Prompt engineering – For each benchmark problem, a short in‑context prompt supplies a few hand‑crafted Anka examples (the “training” data for the LLM) and a natural‑language description of the desired pipeline.
Zero‑shot generation – The LLM is asked to emit Anka code directly; no fine‑tuning or external tooling is involved.
Evaluation pipeline – Generated code is first parsed by the Anka interpreter (to catch syntax errors) and then executed against hidden test cases. Success is measured as parse success (syntactically valid) and task accuracy (produces the correct output).
Comparative baseline – The same prompts are used to ask the LLM to produce Python code for the identical tasks, allowing a head‑to‑head error analysis.

Results & Findings

Metric	Anka (Claude 3.5 Haiku)	Python (Claude 3.5 Haiku)	Python (GPT‑4o‑mini)
Parse success	99.9 %	92.3 %	94.1 %
Overall task accuracy	95.8 %	60.0 %	68.5 %
Multi‑step pipeline accuracy	100 %	60 %	73.3 %
Accuracy gain vs.
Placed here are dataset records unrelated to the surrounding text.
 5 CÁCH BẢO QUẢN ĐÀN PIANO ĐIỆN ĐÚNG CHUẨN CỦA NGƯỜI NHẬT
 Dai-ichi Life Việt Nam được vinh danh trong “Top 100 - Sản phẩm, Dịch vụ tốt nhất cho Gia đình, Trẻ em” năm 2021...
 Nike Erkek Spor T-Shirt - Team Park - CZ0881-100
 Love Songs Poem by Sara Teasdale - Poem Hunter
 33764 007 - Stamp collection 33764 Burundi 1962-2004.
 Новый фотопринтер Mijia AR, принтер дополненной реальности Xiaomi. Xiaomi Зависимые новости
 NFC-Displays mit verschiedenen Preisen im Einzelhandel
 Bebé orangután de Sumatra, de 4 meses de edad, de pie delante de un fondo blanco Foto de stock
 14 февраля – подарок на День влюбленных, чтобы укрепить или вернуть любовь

Python	+35.8 pp	—	+27.3 pp

Key takeaways

The constrained syntax virtually eliminates syntactic mistakes, letting the LLM focus on the logical ordering of operations.
Even though the models have been trained on massive Python corpora, they struggle with implicit state handling, leading to frequent “variable not defined” or “wrong order” bugs.
The DSL’s explicit data flow makes the generation problem easier to solve with in‑context learning alone.

Practical Implications

Rapid prototyping of data pipelines – Teams can embed Anka (or a similar DSL) into internal tooling, letting developers describe transformations in plain English and receive ready‑to‑run pipeline code.
Reduced debugging overhead – Because the generated code parses cleanly and follows a deterministic execution order, the time spent hunting down LLM‑induced bugs drops dramatically.
Safer LLM integration – In regulated environments (finance, healthcare) where code correctness is non‑negotiable, a DSL acts as a guardrail, constraining the model to a vetted subset of operations.
Model‑agnostic benefits – The cross‑model validation suggests that any sufficiently capable LLM can leverage a well‑designed DSL, making the approach portable across vendor APIs.
Extensible to other domains – The same design principles (explicit state, limited primitives) could be applied to networking configs, cloud‑infra manifests, or UI layout specifications, turning LLMs into reliable code assistants for niche stacks.

Limitations & Future Work

Domain narrowness – Anka targets data‑transformation pipelines; its advantages may not transfer directly to more general programming tasks (e.g., algorithmic problem solving).
Learning curve for developers – Teams need to adopt a new syntax and tooling, which could be a barrier without strong incentives.
Scalability of the benchmark – The study uses 100 curated problems; larger, more diverse real‑world workloads could reveal edge cases.
Prompt dependence – Performance hinges on the quality of the few‑shot examples; automated prompt generation or curriculum learning remains unexplored.
Future directions – The authors propose expanding the DSL to cover streaming data, adding type inference, and investigating fine‑tuning LLMs on DSL corpora to push accuracy even higher.

Authors

Saif Khalfan Saif Al Mazrouei

Paper Information

arXiv ID: 2512.23214v1
Categories: cs.CL, cs.LG, cs.PL, cs.SE
Published: December 29, 2025
PDF: Download PDF

[Paper] Anka: A Domain-Specific Language for Reliable LLM Code Generation

Overview

Key Contributions

Methodology

Results & Findings

Key takeaways

Practical Implications

Limitations & Future Work

Authors

Paper Information

Related posts

[Paper] Do explanations generalize across large reasoning models?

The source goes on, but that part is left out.